Rénover « bas carbone », signifie ensuite d’enclencher tous les leviers visant à améliorer le patrimoine bâti existant. Nous savons que les trois quarts du patrimoine de 2050 existent déjà. Il s’agit là d’un enjeu essentiel : les technologies et méthodes de rénovation doivent être améliorées et rendues moins coûteuses. L’efficacité énergétique ne suffira pas à assurer la neutralité carbone, il faudra obtenir la neutralité de l’énergie consommée : pompes à chaleur adossées à une électricité décarbonée, chaleur renouvelable notamment dans les réseaux de chaleur, bois-énergie, géothermie, biogaz... autant de sujets qui font notre quotidien au sein du groupe EDF.

Ancrer le « bas carbone » au quotidien, c’est enfin trouver une gestion énergétique du patrimoine et offrir aux habitants des services nouveaux et innovants pour une performance énergétique de tous les jours. N’oublions jamais que dans chaque construction résideront, au quotidien, des femmes et des hommes !

Faciliter la gestion administrative des charges énergétiques, conclure des contrats modulables sur des durées adaptées, garantir la consommation de la juste quantité d’énergie avec un approvisionnement sécurisé, simplifier l’ouverture du contrat d’énergie pour un nouvel occupant avec des outils de suivi et de pilotage de la consommation, et bien sûr, apporter des solutions aux occupants en situation de précarité... en voici des réponses à apporter.

Parmi les projets qui s’inscrivent dans cette logique « bas carbone », je pourrais citer le programme Ydeal Confluence à Lyon, pour lequel les équipes du groupe EDF ont été mobilisées.

D’ici la fin de l’année, cinq bâtiments totalisant 12 000 m2 accueilleront une centaine de logements, une résidence étudiante, des bureaux, des commerces et une crèche… et intégreront une installation photovoltaïque en autoconsommation collective. Là où le taux de couverture plafonne généralement autour de 20%, l’ambition est de satisfaire jusqu’à 50% des besoins avec l’énergie solaire.

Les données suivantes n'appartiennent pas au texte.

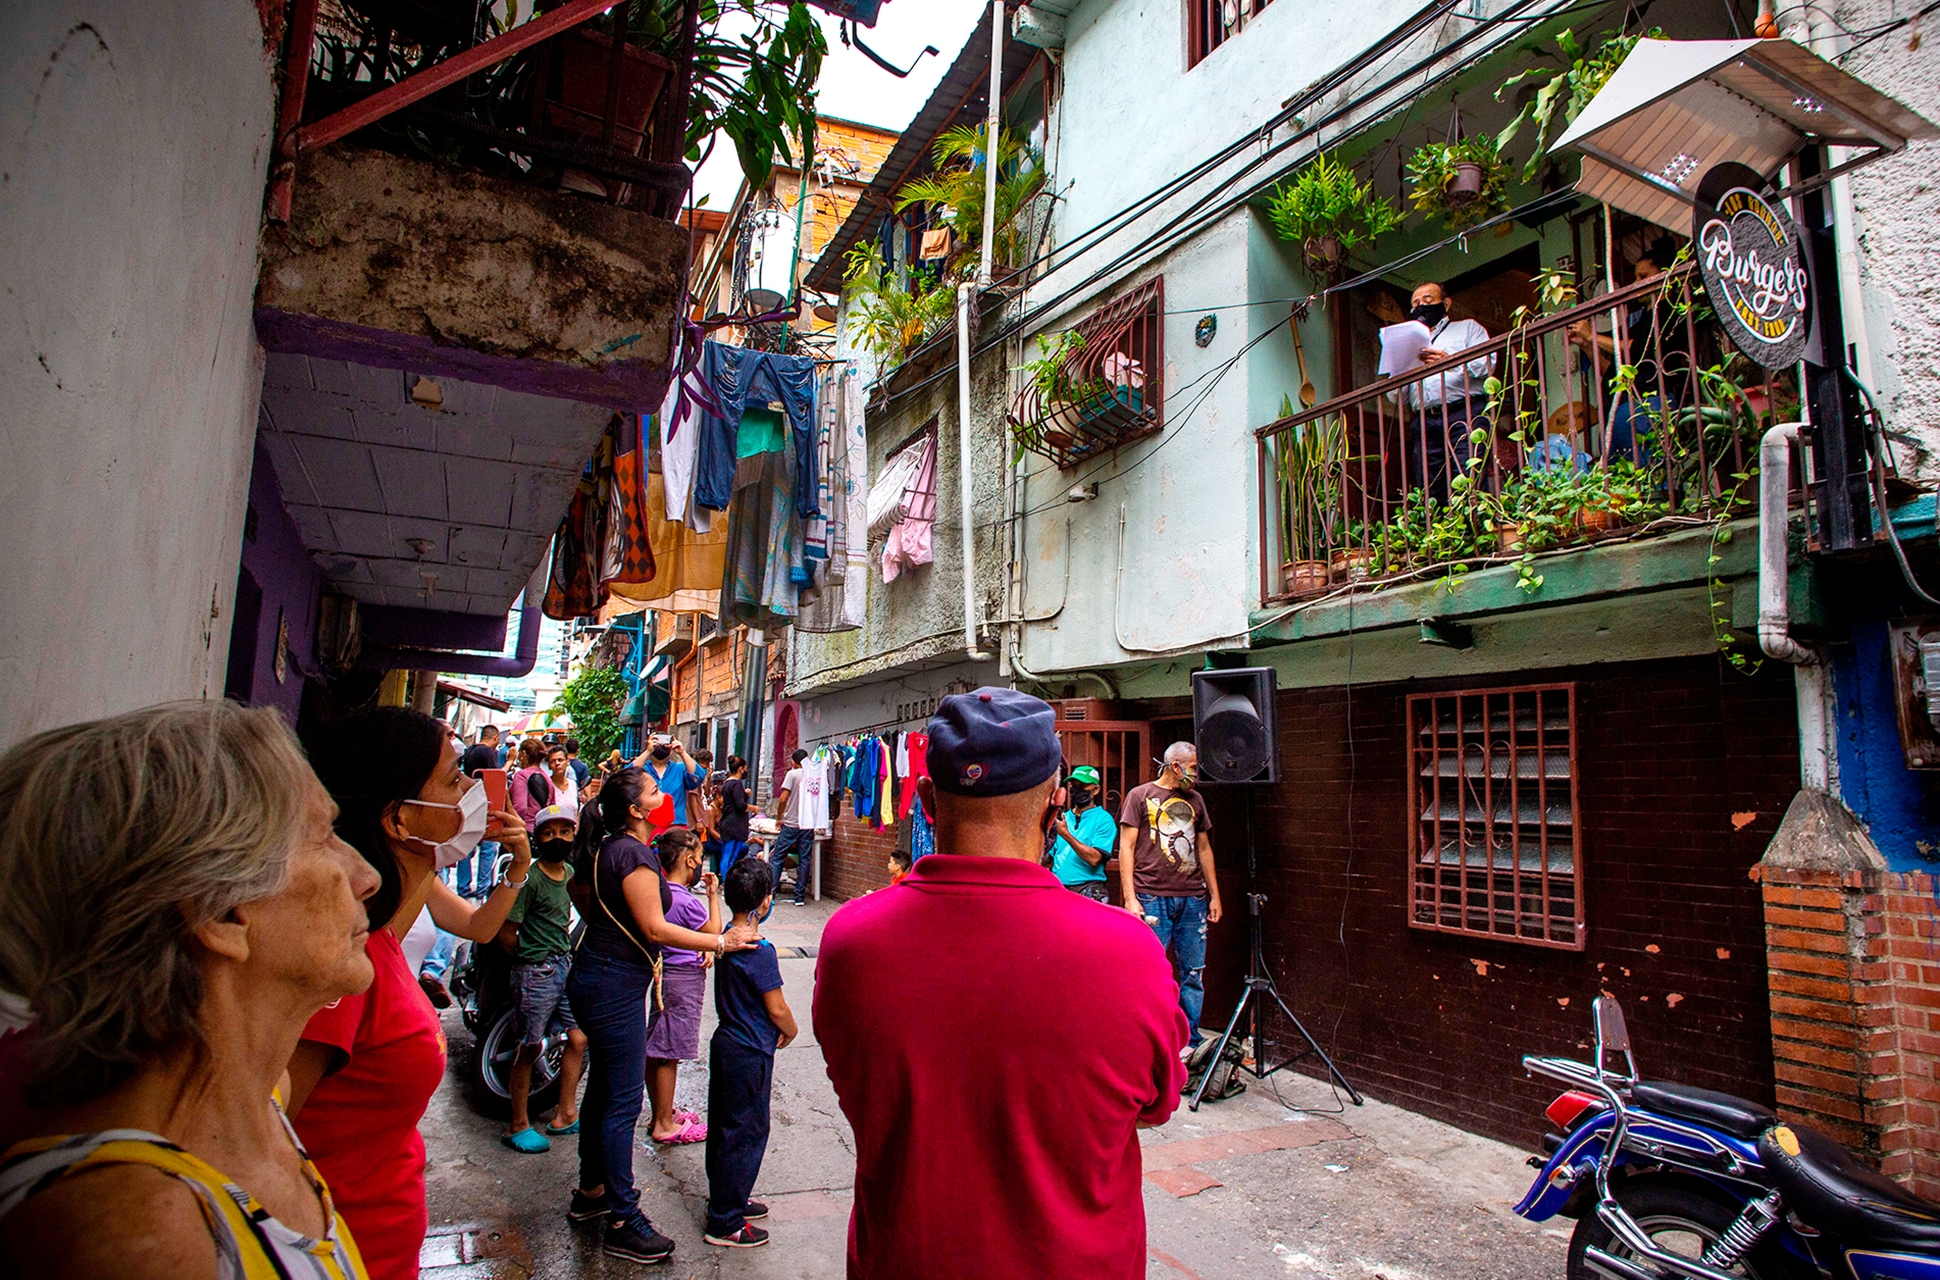 bus tv Seguiremos_informando_El_Bus_TV_el_periodismo_en_Venezuela_que_vence_la_censura_Liza_López_Reportajes_Gatopardo_216 4

Quel serait pour vous le mot clé des prochaines années en matière d’aménagement ? Le « bas carbone » ?

Jean-Pierre Frémont – Oui, pour nous, le « bas carbone » doit entrer dans le vocabulaire de l’aménagement, de la construction, de la ville… Mais ce n’est pas qu’une affaire de mot, c’est aussi une question de responsabilité : nous avons la responsabilité de réduire nos émissions de gaz à effet de serre pour préparer un avenir soutenable.

Au-delà du « bas carbone », j’aimerais insister sur la notion « d’adaptabilité » qui résume le mieux ma pensée.

Nous devons nous adapter au changement climatique. Nous devons adapter nos projets à ce nouveau paradigme. Nous devons aussi adapter nos projets à la réalité des territoires : le « prêt à aménager » est passé de mode ! C’est désormais une approche « sur-mesure » que nous appliquons.  

Pour cela, nous portons la conviction qu’il faut comprendre et connaitre un territoire pour savoir en tirer le meilleur. 

 

C’est fort de cette conviction qu’EDF a conçu un module en ligne gratuit qui permet de générer un premier bilan énergétique d’un territoire et d’identifier son potentiel « bas carbone ».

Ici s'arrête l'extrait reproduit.